» **PROBLEM TO SOLVE**:
Output every record verbatim, and omit each picture.

(SUPPLIED MATERIAL Opens)

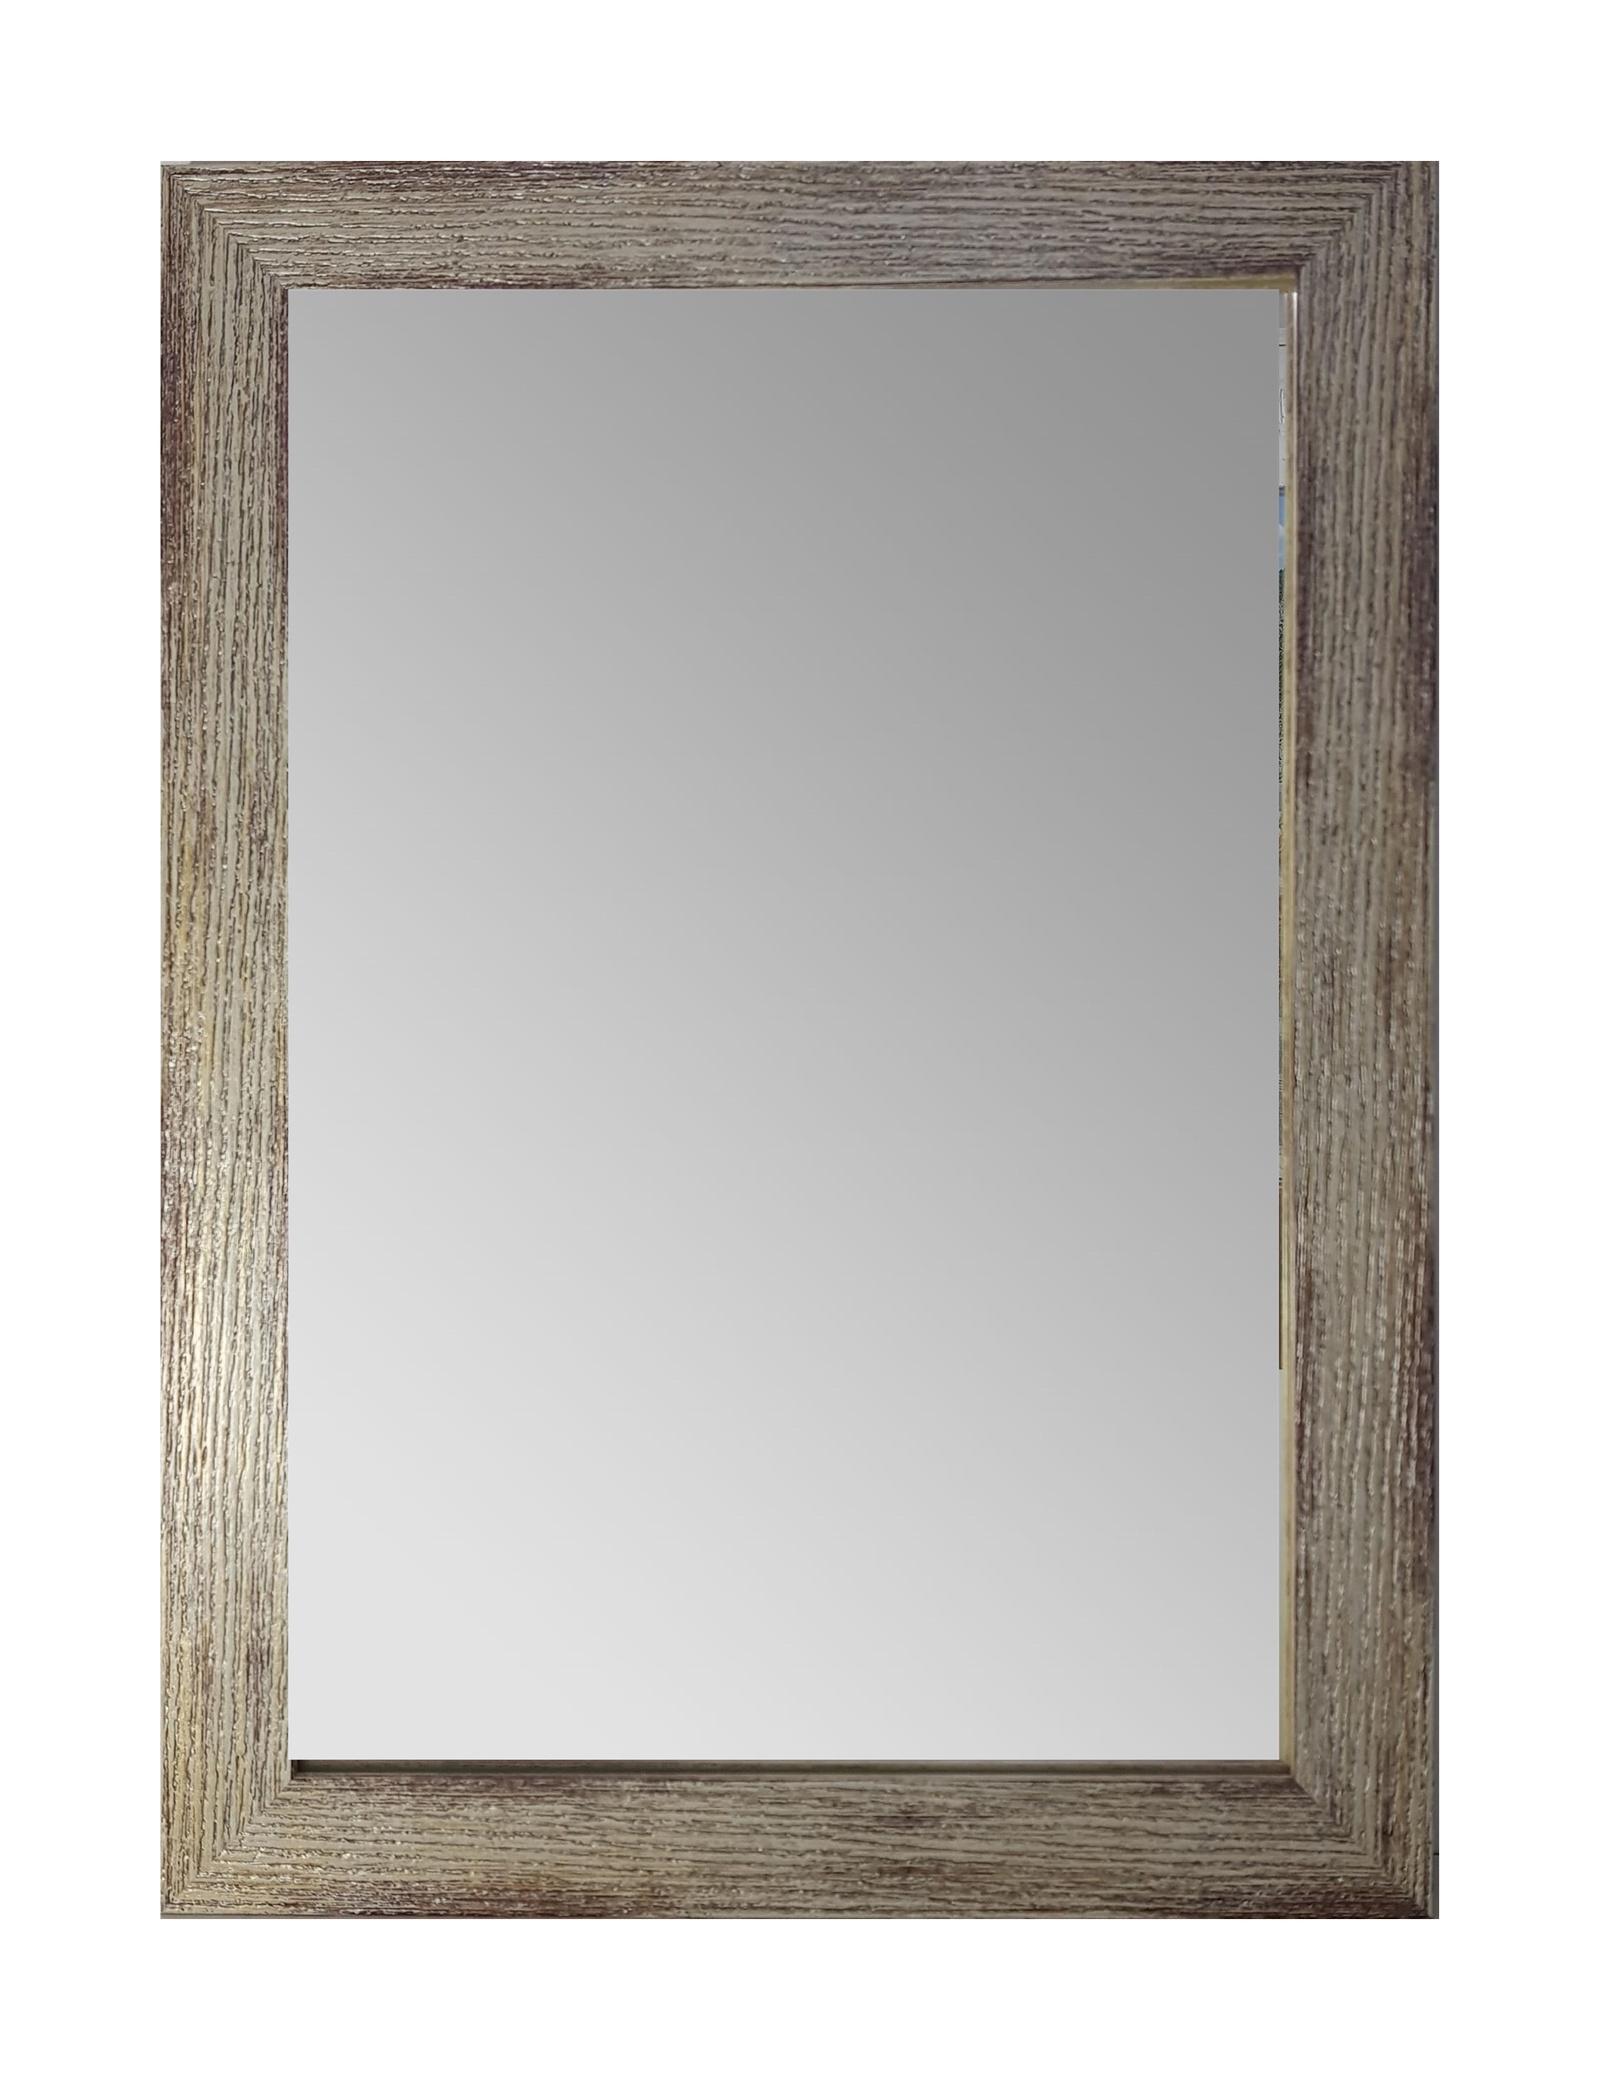 """Зеркало интерьерное GoldBasket Bark, GBR00473GBR00473Зеркало декоративное настенное """"Bark"""" в раме, 55 см на 40 см прямоугольной формы органично впишется в нео-классический интерьер. Багет приглушенного и приятного глазу оттенка продолжит стилистику помещения. Рамка придает аксессуару завершенный аккуратный вид. Зеркало незаменимо в доме для сохранения опрятности образа: примерки одежды, создании укладки, уходе за лицом. Помимо главных задач аксессуар визуально увеличивает потолки и делает помещение светлее. Толщина зеркала 4мм толстое и прочное! Устойчиво к влаге подойдёт для ванны, так же в комплекте крепление, можно повесить вертикально и горизонтально."""
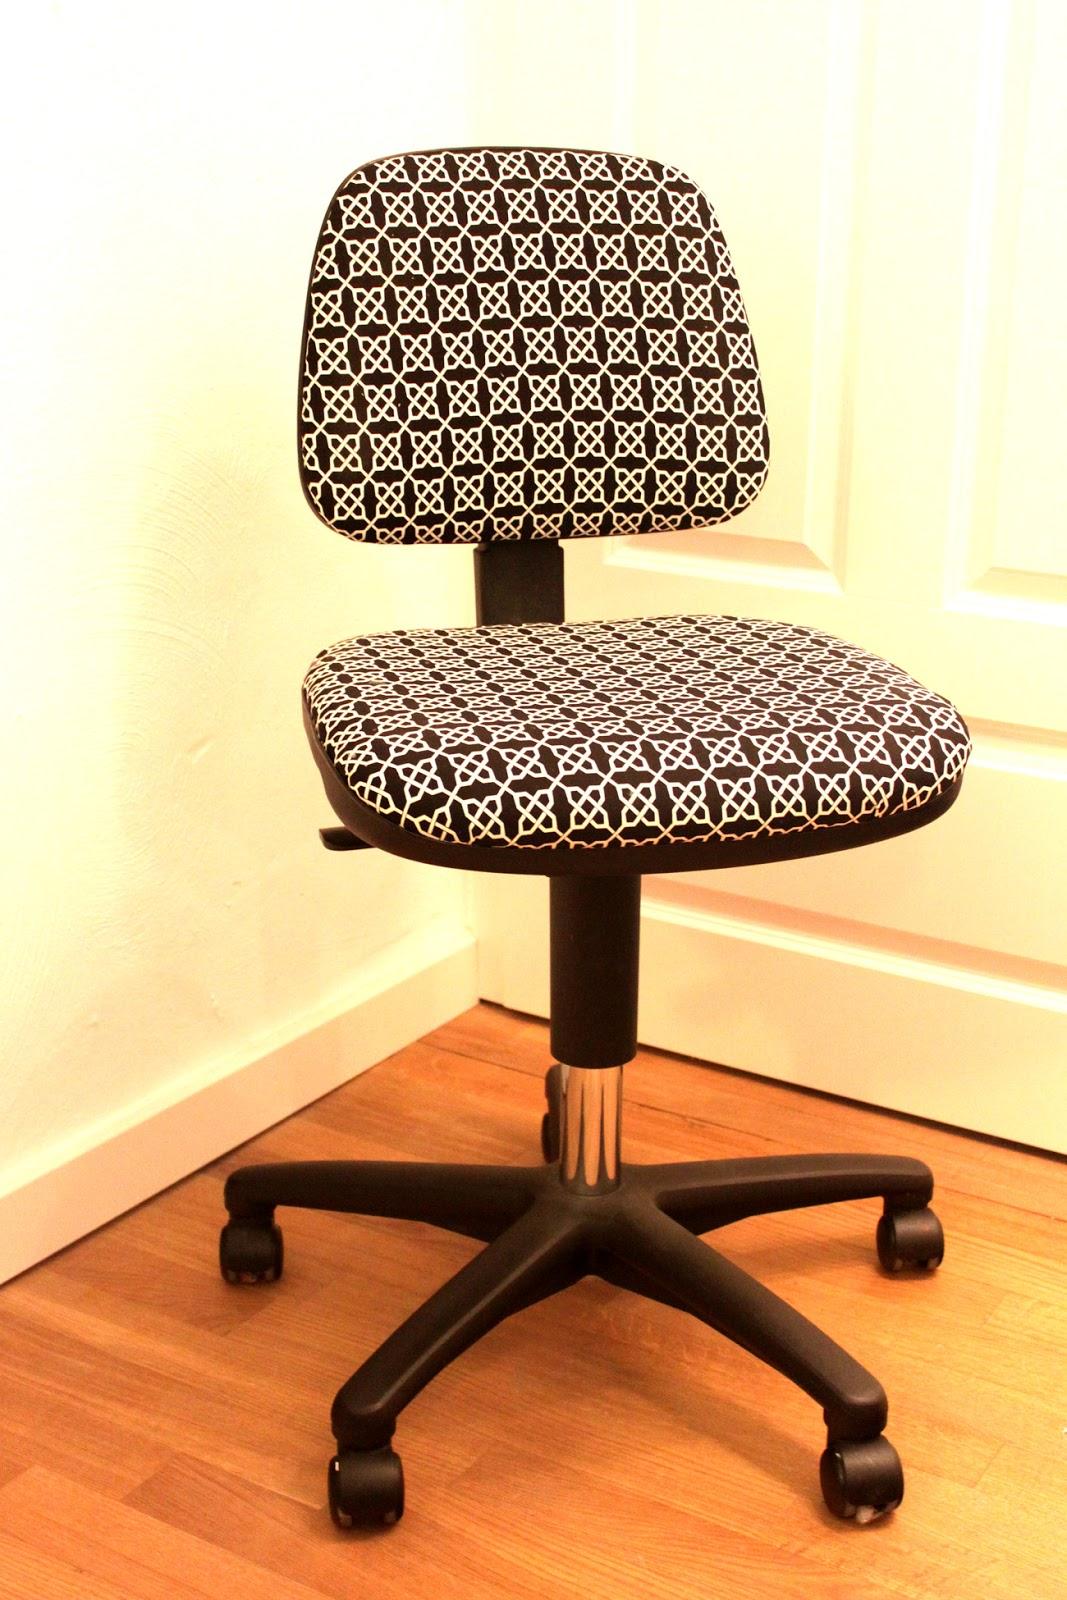 Ikea Schminktisch Schreibtisch ~ Pepelinchen Makeover Pimp your Drehstuhl in weniger als 1 Stunde!
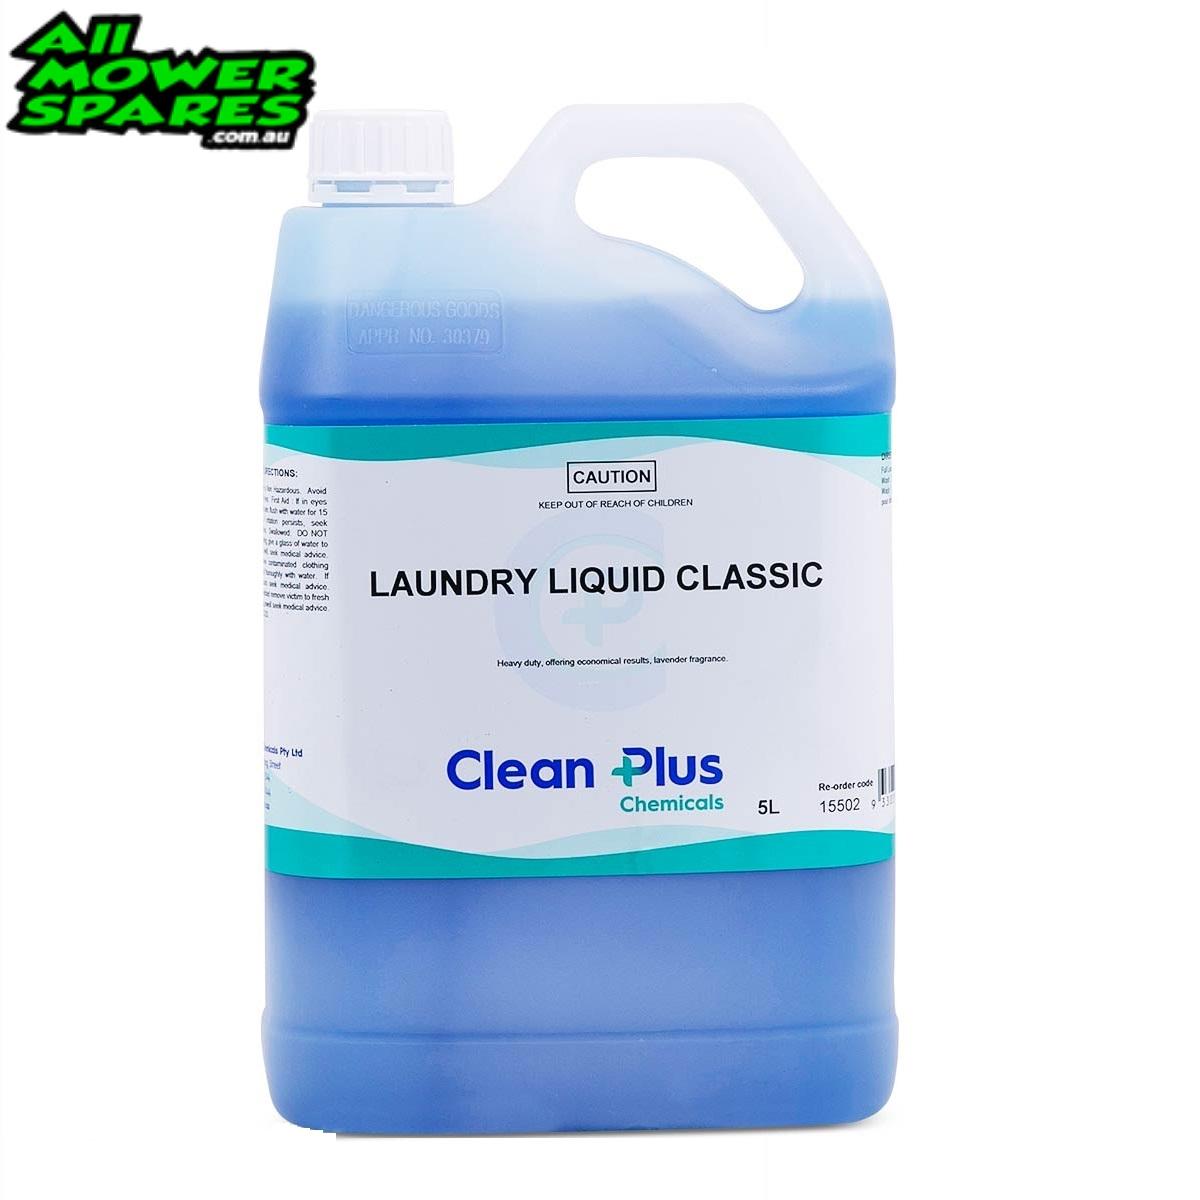 Clean Plus Laundry Liquids
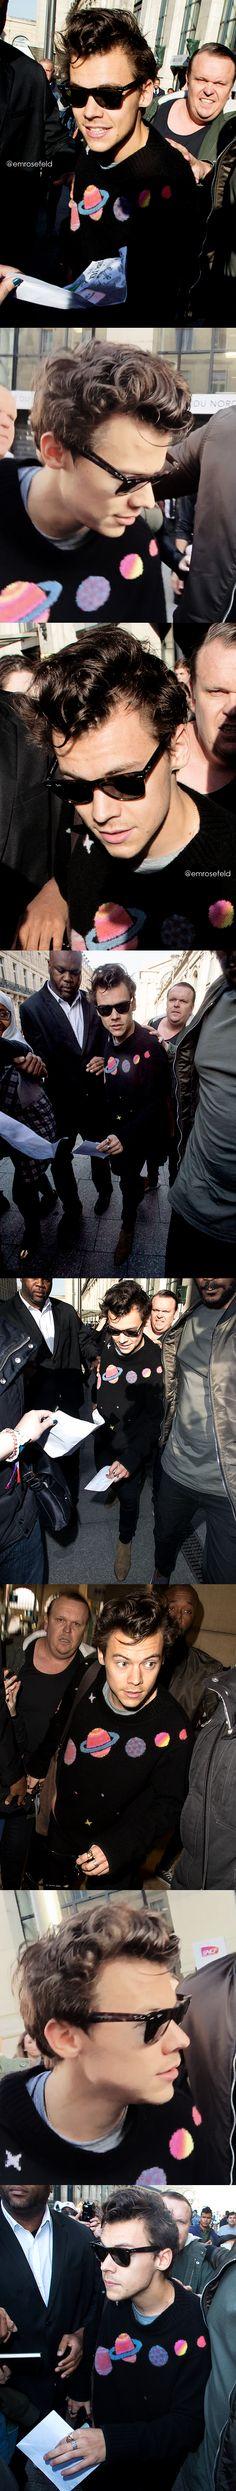 Harry Styles | arriving in Paris 10.25.17 | emrosefeld |
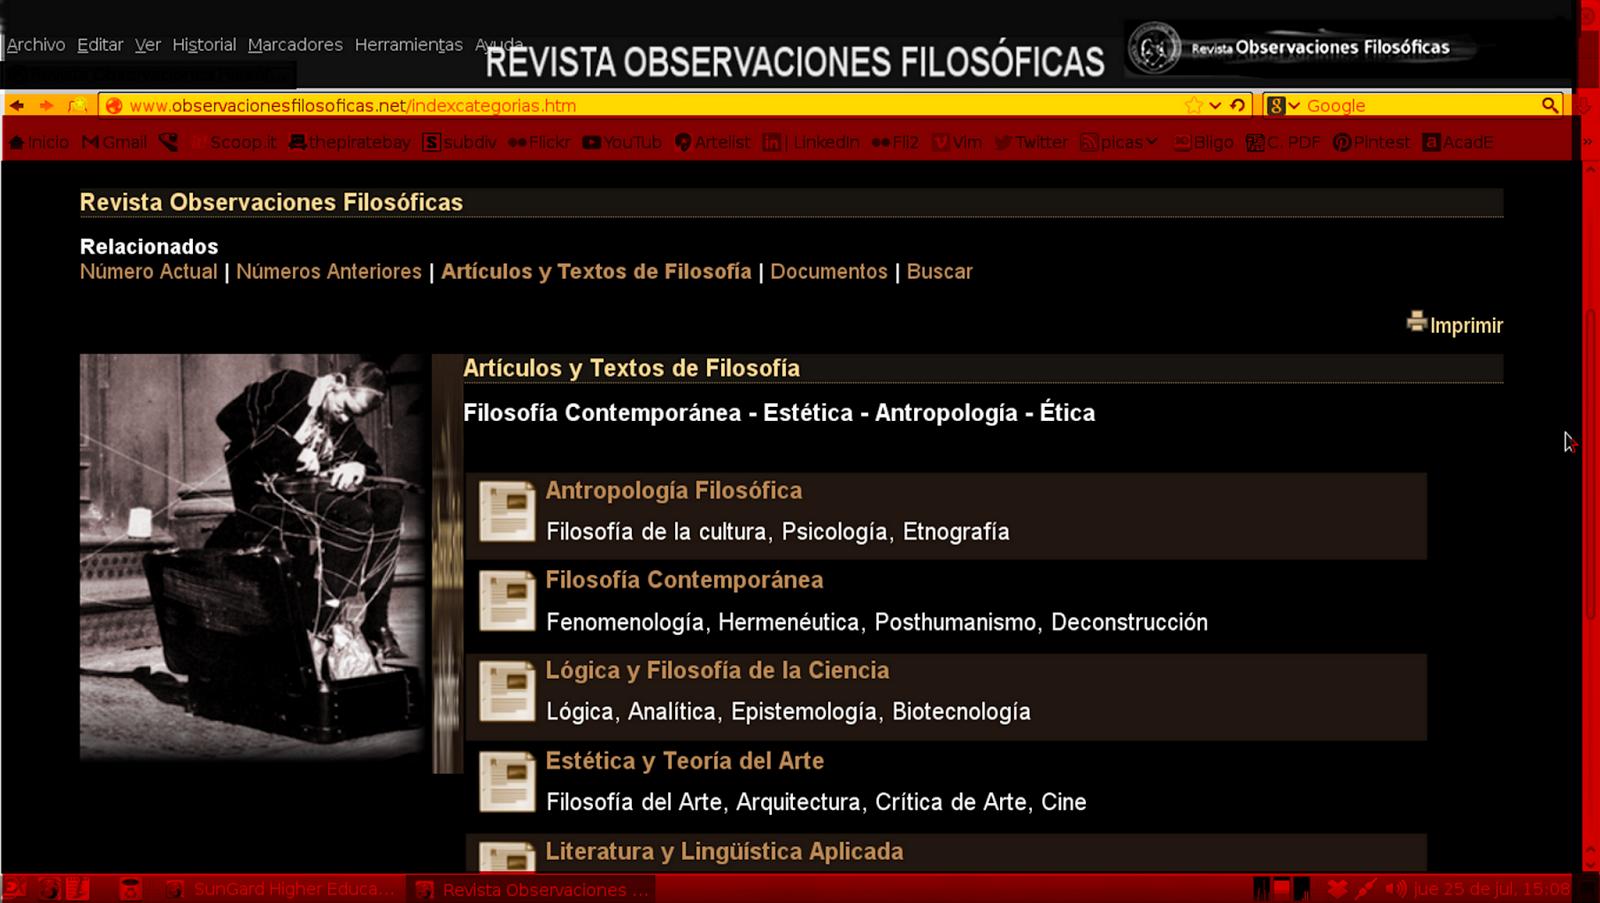 http://3.bp.blogspot.com/-m47a1ZJd45o/UlG9hwkHdOI/AAAAAAAAK0w/M-POUV7Q2as/s1600/Revista+de+Filosofia+_+Filosof%C3%ADa+Contemporanea+_+Revista+Observaciones+Filos%C3%B3ficas+_+Adolfo+Vasquez+Rocca+_+ROF+700+ABC+.png

(SUPPLIED MATERIAL Closes)

» **SOLUTION FOR THIS TASK**:
 """Зеркало интерьерное GoldBasket Bark, GBR00473GBR00473Зеркало декоративное настенное """"Bark"""" в раме, 55 см на 40 см прямоугольной формы органично впишется в нео-классический интерьер. Багет приглушенного и приятного глазу оттенка продолжит стилистику помещения. Рамка придает аксессуару завершенный аккуратный вид. Зеркало незаменимо в доме для сохранения опрятности образа: примерки одежды, создании укладки, уходе за лицом. Помимо главных задач аксессуар визуально увеличивает потолки и делает помещение светлее. Толщина зеркала 4мм толстое и прочное! Устойчиво к влаге подойдёт для ванны, так же в комплекте крепление, можно повесить вертикально и горизонтально."""
 Ikea Schminktisch Schreibtisch ~ Pepelinchen Makeover Pimp your Drehstuhl in weniger als 1 Stunde!
 Clean Plus Laundry Liquids
 Harry Styles | arriving in Paris 10.25.17 | emrosefeld |
 http://3.bp.blogspot.com/-m47a1ZJd45o/UlG9hwkHdOI/AAAAAAAAK0w/M-POUV7Q2as/s1600/Revista+de+Filosofia+_+Filosof%C3%ADa+Contemporanea+_+Revista+Observaciones+Filos%C3%B3ficas+_+Adolfo+Vasquez+Rocca+_+ROF+700+ABC+.png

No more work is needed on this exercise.